Los cadáveres de las cucarachas, a pesar de la exitosa batalla, lo deprimieron. Abandonó la intención del lavado. Se dejó caer vestido sobre una cama de ruinosa apariencia y dudosa limpieza. Allá afuera, a través de la ventana y las cortinas, alguien gritaba en español: “Ya vámonos, pa’ qué vinimos”, una y otra vez. En el cuarto de al lado se escuchaban risitas de puta. Se quedó mirando el techo con el ojo profundamente abierto. Con la mente en blanco. Los ruidos del cuarto de al lado y las voces que subían de la calle como únicos compañeros. Cuando se pasan en soledad muchos días, ya se agota hasta el monólogo interior. Tres suaves golpes en la puerta. Los Texas Rangers vinieron a sacarlo de la desesperación.

—¿Qué sabe usted de Reynoso? —preguntó el más joven; el que había tocado la puerta, un chicano de gran envergadura y cara bondadosa, vestido con un traje de mezclilla y que se había identificado como agente de la DEA. Su compañero rondaba por el cuarto como si la cosa no fuera con él. Un hombre negro extremadamente flaco, de unos 45 años, con una horrible chaqueta de cuadros.

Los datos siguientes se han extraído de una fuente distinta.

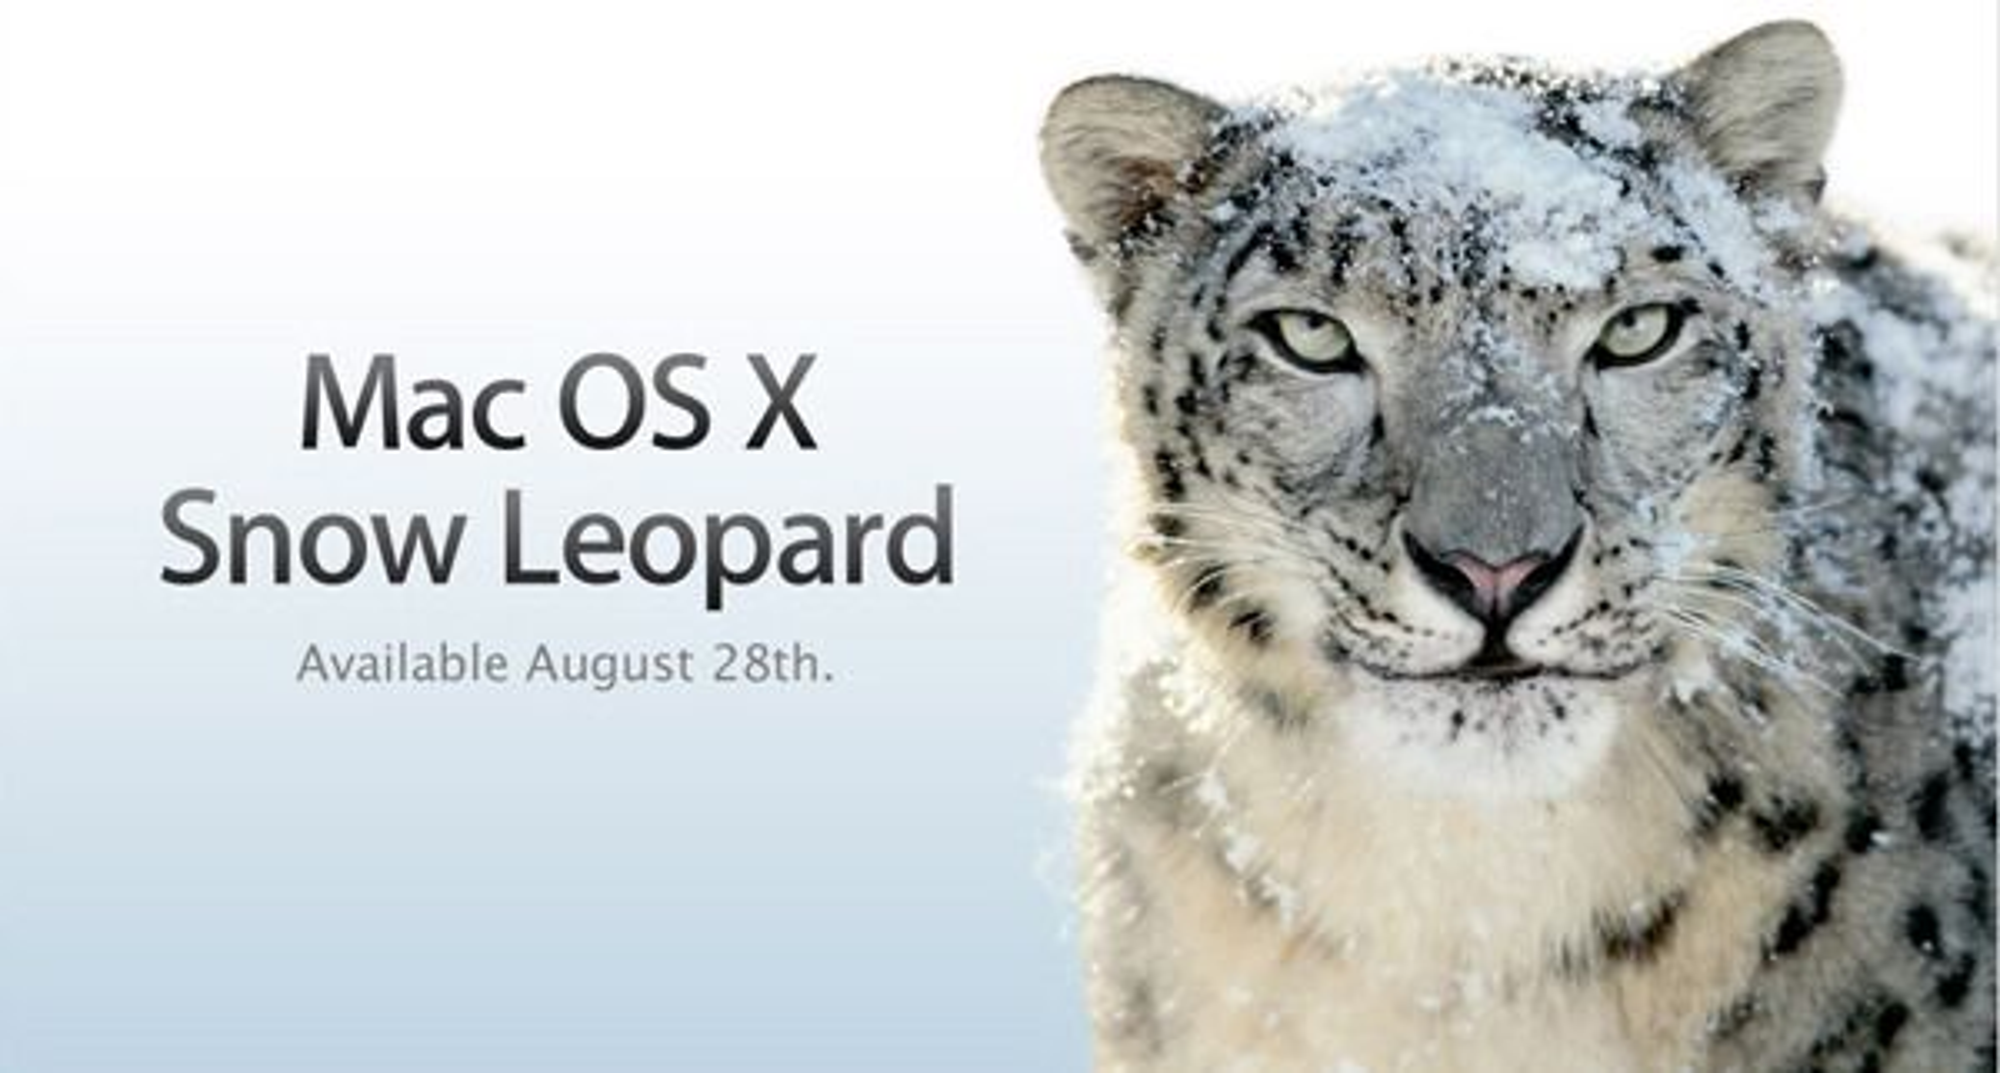 Den nye versjone.n av OS X, Snow Leopard, blir tilgjengelig kommende fredag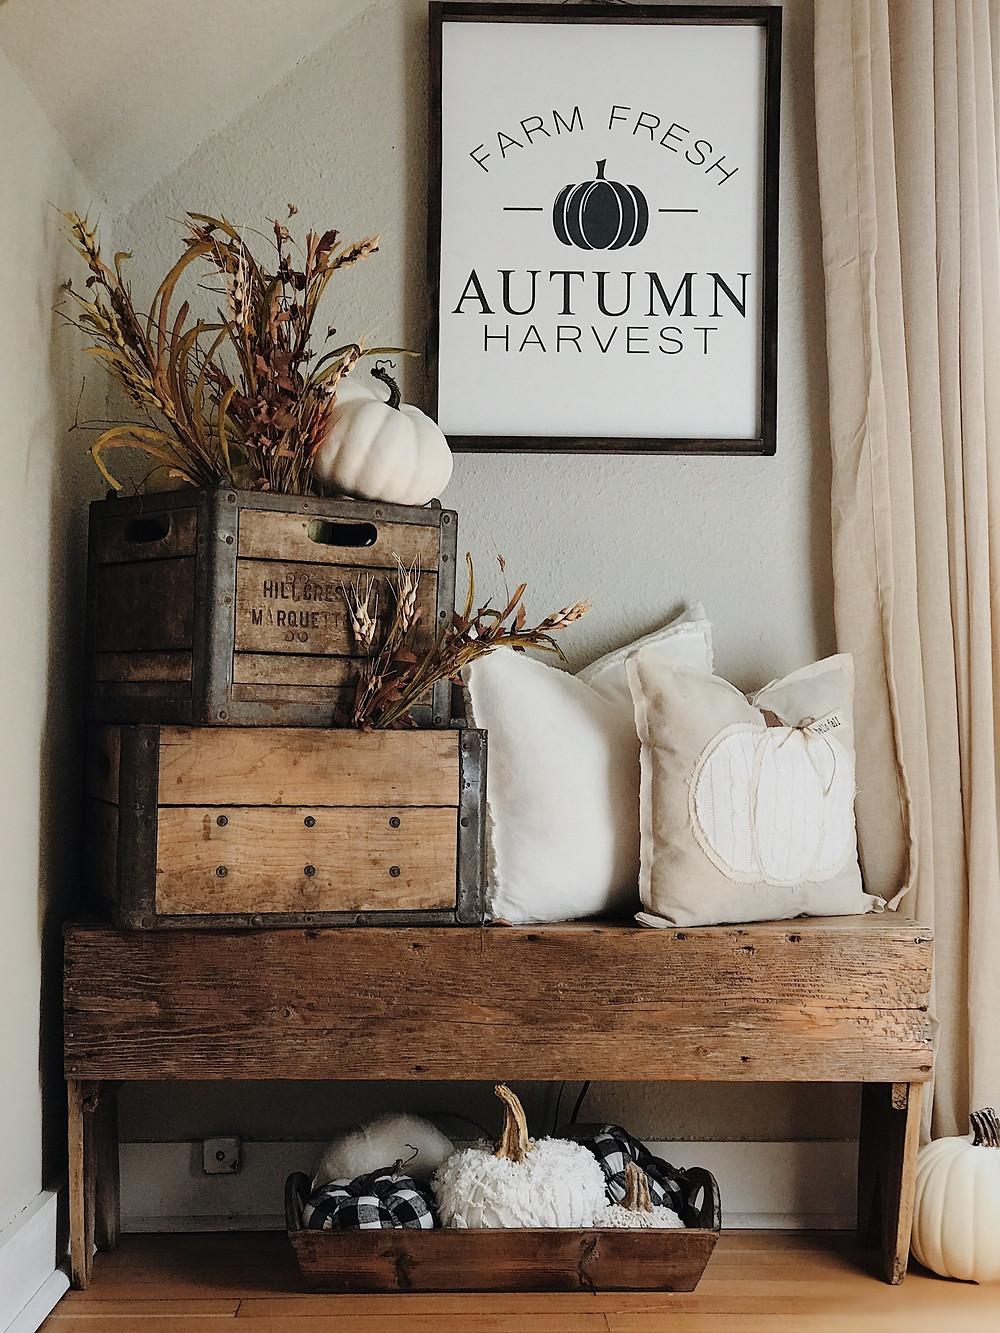 Cosy autumn vibe - Homefulness

—Hasta hace una semana no había oído hablar de él —dijo Héctor sentándose al pie de la cama, y verdaderamente enfadado consigo mismo por la falta de previsión. No compró ni una Coca-Cola antes de subir al cuarto.

—¿Y qué le dijeron?

—Que era un policía.

—¿Nada más?

—Que molestaba a mujeres que no querían nada con él. Me lo definieron como un tipo terco. Bastante pendejo, yo diría.

El grandote chicano le dirigió una mirada al gringo negro, que ahora curioseaba a través de la puerta abierta del baño; éste no le hizo mucho caso.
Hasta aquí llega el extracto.